2.1. Video imaging and staff gauge system

Staff gauges and HD video cameras (JVC Everio HD cameras) are used to measure the surface wave heights in shallow water (1–2 m) as shown in Figure 1(a). Four staff gauges are mounted in the water by inserting them into the bottom sediment. Staff gauges are constructed from white PVC pipes. Waterproof paper with 0.5 spaced horizontal lines is taped to each gauge pipe.

Figure 1.

Imaging system deployment and video image of the wave patch (a), staff gauges (b), and example camera deployment platform (c). Target wave patch defined by four staff gauges is 4.5 × 4.5 m (20.25 m2). Staff gauges were constructed using PVC pipes and striped paper with 0.5 cm line (alternating two colors and thickness) separation. Two video cameras can be used for binocular stereo imaging, and the third camera can be mounted on the vertical bar in the middle or either side in order to conduct a stereo or trinocular imaging of a water patch or zoomed to image staff gauges.
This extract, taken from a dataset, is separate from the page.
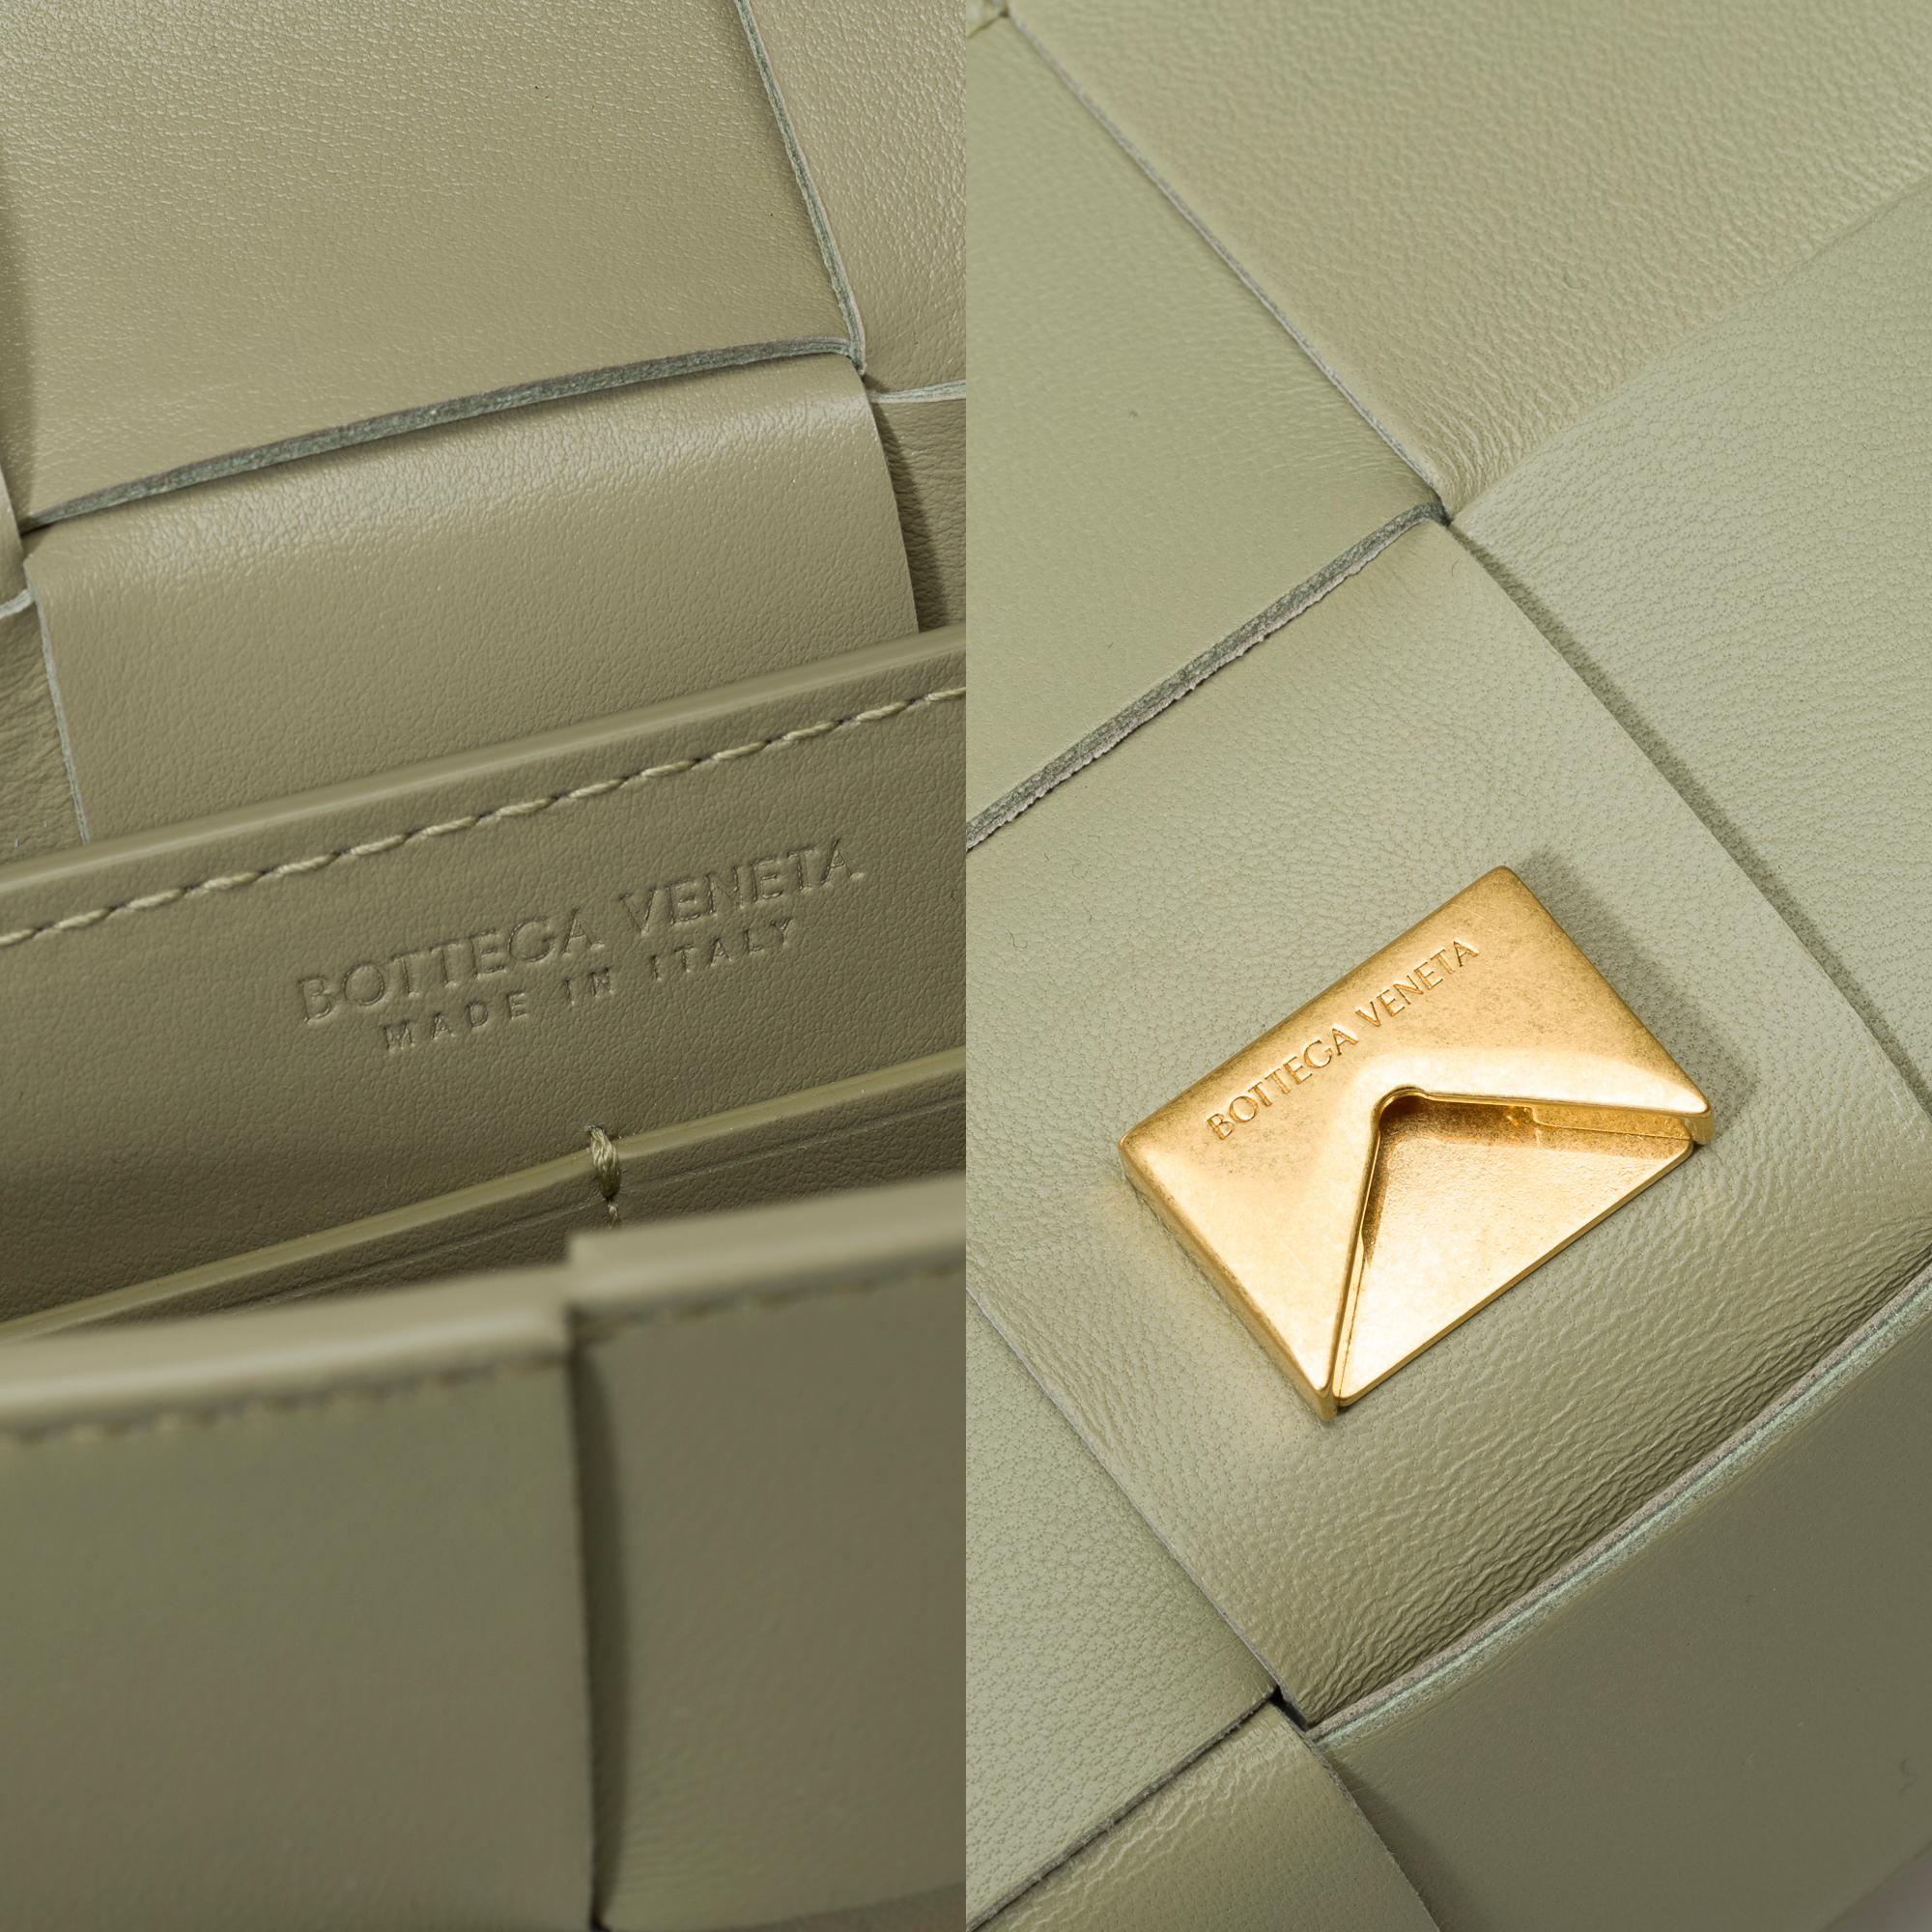 Bottega Veneta Cassette 23 shoulder bag in green lambskin leather, GHW For Sale 4

Images recorded at 1920 × 1080 pixels (30 per second of recording time) obtained from the video sequence yield spatial resolution (using lens zooming) is 0.04 cm/pixel. Each line is either 1 mm (≈2 pixels) or 0.5 mm (≈1 pixel) as shown in Figure 1(b). The HD cameras are mounted on a tripod on the shore or from a fixed platform or mount in the water. The video staff gauges allow one to define a wave patch of ~4.5 × 4.5 m (Wx = Wy = 4.5 m).

An inverted T-shaped (Figure 1(c)) aluminum and steel camera optical mount is used to mount one, two, or three HD cameras. Cameras can be time synchronized, using a known or fixed “digital zoom” mode. During measurement experiments, one camera is focused upon and zoomed (18×) on a staff gauge, and the other two cameras image the entire wave patch and record at 30 Hz or frames per second (fps) (Figure 2).

Figure 2.

Three steps are used to determine the water surface level from the video. (a) Example of a video frame from the zoomed video (18×). (b) Then, a region of interest (ROI) is defined by a rectangular area, and then a representative line at the center is calculated by averaging the pixel value on each horizontal level. (c) Pixel values along the averaged representative line are shown, and a selected threshold value is selected to locate the interface of water and gauge shown by the solid line.

2.2. Image processing

In order to determine the water surface level based on video sequences, three steps are needed as summarized below:

Step 1: Determine the region of interest (ROI)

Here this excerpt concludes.